Silencing CNTN-1 enhanced sensitivity to BCT-100 treatment and attenuated the EMT phenotype in resistant cell lines. (a) MTT assay to test survival rate in CNTN-1 silenced arm, scrambled and control group, and treatment time was 3 days. (b) CNTN-1, vimentin, N-cadherin and E-cadherin were tested by Western blot.
CNTN-1 promoted EMT progression by activating the AKT pathway in resistant cells
The AKT signaling pathway plays a central role in cell survival and growth. To determine the role of AKT in BCT-100 resistance, we detected the basal expression of p-AKT in H446, H446-BR, H446-BR-shControl and H446-BR-shCNTN-1. The expression of p-AKT was up-regulated in H446-BR cells but down-regulated in the H446-BR-shCNTN-1 arms. Similar phenomena were observed in the H526 cell line (Fig. 6a). AKT inhibitor LY294002 was used to test the influence of p-AKT on the EMT phenotype in H446-BR and H526-BR cells. LY294002 inhibited the level of p-AKT in BCT-100-resistant cells accompanied by attenuation of EMT progression (vimentin and N-cadherin were decreased in a dose-dependent manner, and E-cadherin was up-regulated) (Fig. 6b).

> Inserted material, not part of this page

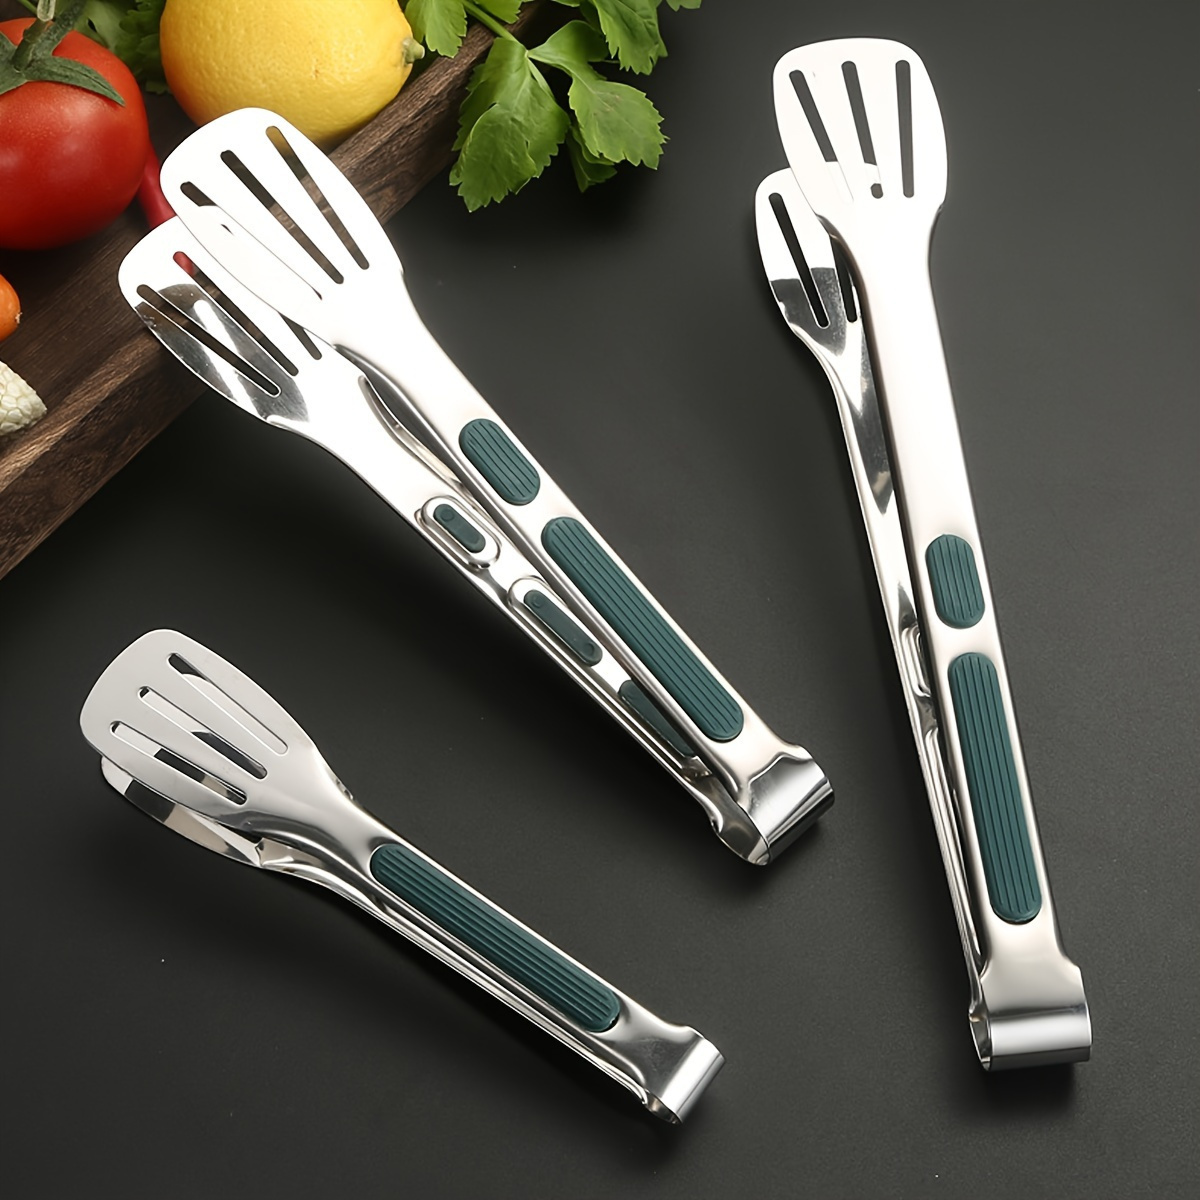 

3pcs/set Stainless Steel Food Tongs, Non-slip Meat Salad Bread Serving Clips, Barbecue Grill Buffet Clamps, Cooking Tools, Kitchen Accessories

CNTN-1 promoted EMT progression via activation of the AKT pathway in resistant cells. (a) p-AKT was up-regulated in H446-BR and H526-BR cells, and down-regulated in the CNTN-1 silenced arms. (b) p-AKT, vimentin, N-cadherin and E-cadherin were tested by Western blot after LY294002 treatment (3 days).
Discussion
BCT-100 has recently emerged as a potentially effective anti-cancer agent in arginine auxotrophic tumors including HCC34, melanoma35, malignant pleural mesothelioma5 and leukemia6. Although the underlying mechanisms of pegylated arginase in these cancer cells have been elucidated, drug resistance remains a major obstacle in the battle against cancer. To achieve a better understanding of the mechanism of BCT-100-based acquired drug resistance, we established two cell lines with BCT-100-acquired resistance (H446-BR and H526-BR) that exhibited different phenotypic features compared with parent cells (Supplementary Fig. S2). Resistant cells were more aggressive with higher migration ability, anoikis resistance and multidrug resistance to standard chemotherapeutic drugs. The EMT phenotype mediated by CNTN-1 via targeting of the AKT pathway was also accompanied by formation of resistant cells.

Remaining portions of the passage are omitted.